Seeking changes to the program

Massachusetts doctors are asking the court to stop the tiering program or require administrators to follow specific standards, including disclosure of the ranking methods, physician input, appeals processes and independent oversight.

GIC Executive Director Dolores L. Mitchell praised the court for narrowing the scope of the litigation but called the lawsuit "regrettable." She acknowledged that the program is not perfect but said the commission continues to look for improvements.

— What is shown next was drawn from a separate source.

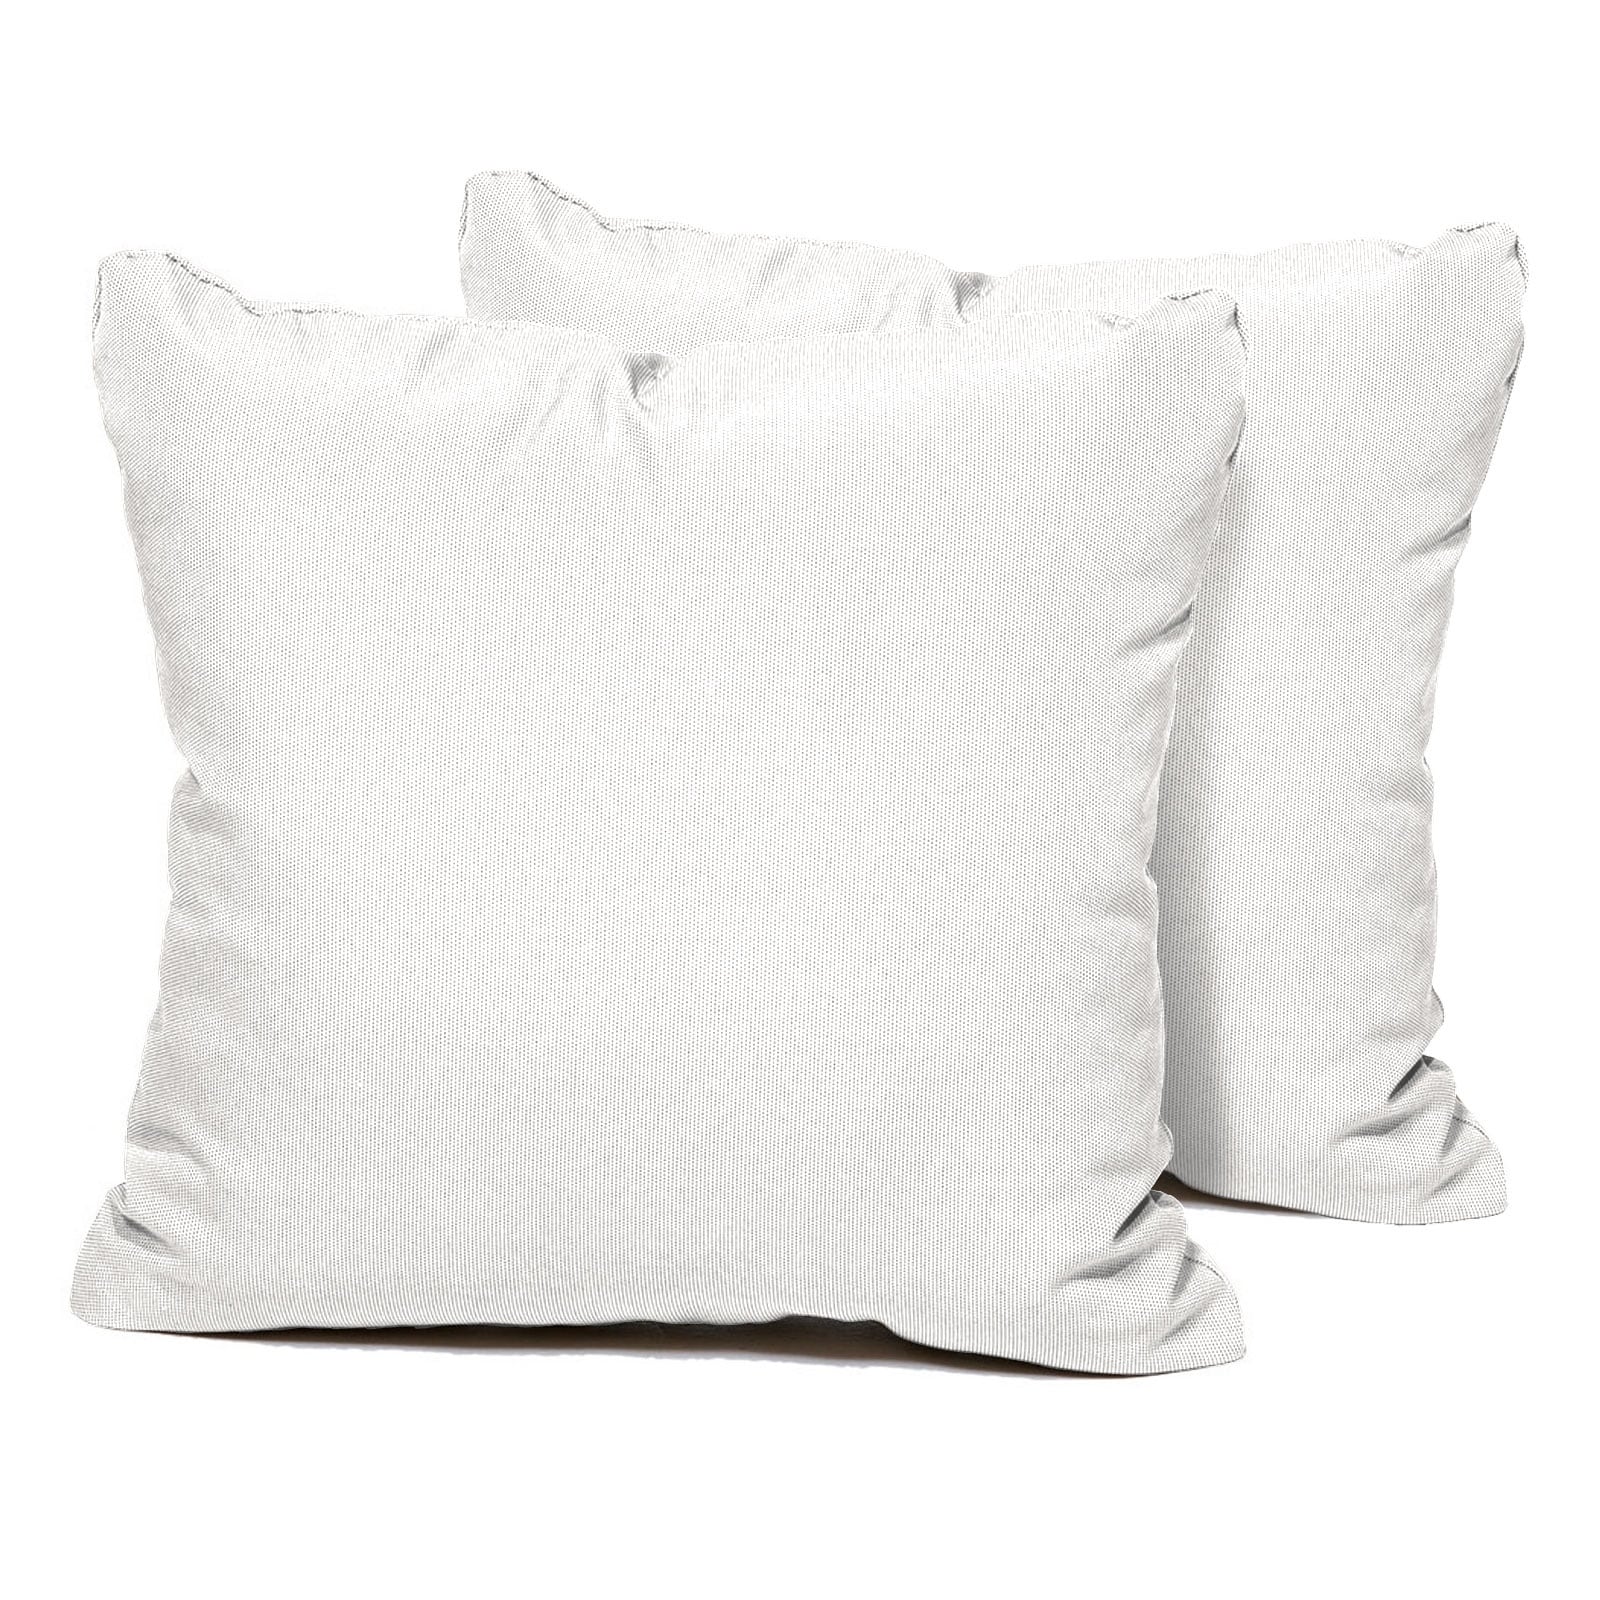 Sail White Outdoor Throw Pillows Square Set of 2

"There's a crying need for this kind of analysis," Mitchell said, adding that the tiering program uses nationally recognized measures, such as those from the National Quality Forum. "We know that costs are becoming unsustainable. And there continues to be enormous variability in physician performance, and that is a quality issue of serious dimension."

It's not the first time doctors have turned to the courts over concerns with insurers' rating systems.

A similar case brought by a group of Connecticut doctors against several health plans is pending in Danbury Superior Court. The parties are engaged in settlement negotiations.

In New York, a number of major health plans in 2007 consented to more transparency in their ranking programs after the attorney general raised concerns that the rankings could mislead consumers. In 2006, Regence BlueShield settled defamation claims by the Washington State Medical Assn. and the Litigation Center of the AMA and State Medical Societies, and agreed to include doctors in developing its quality measures.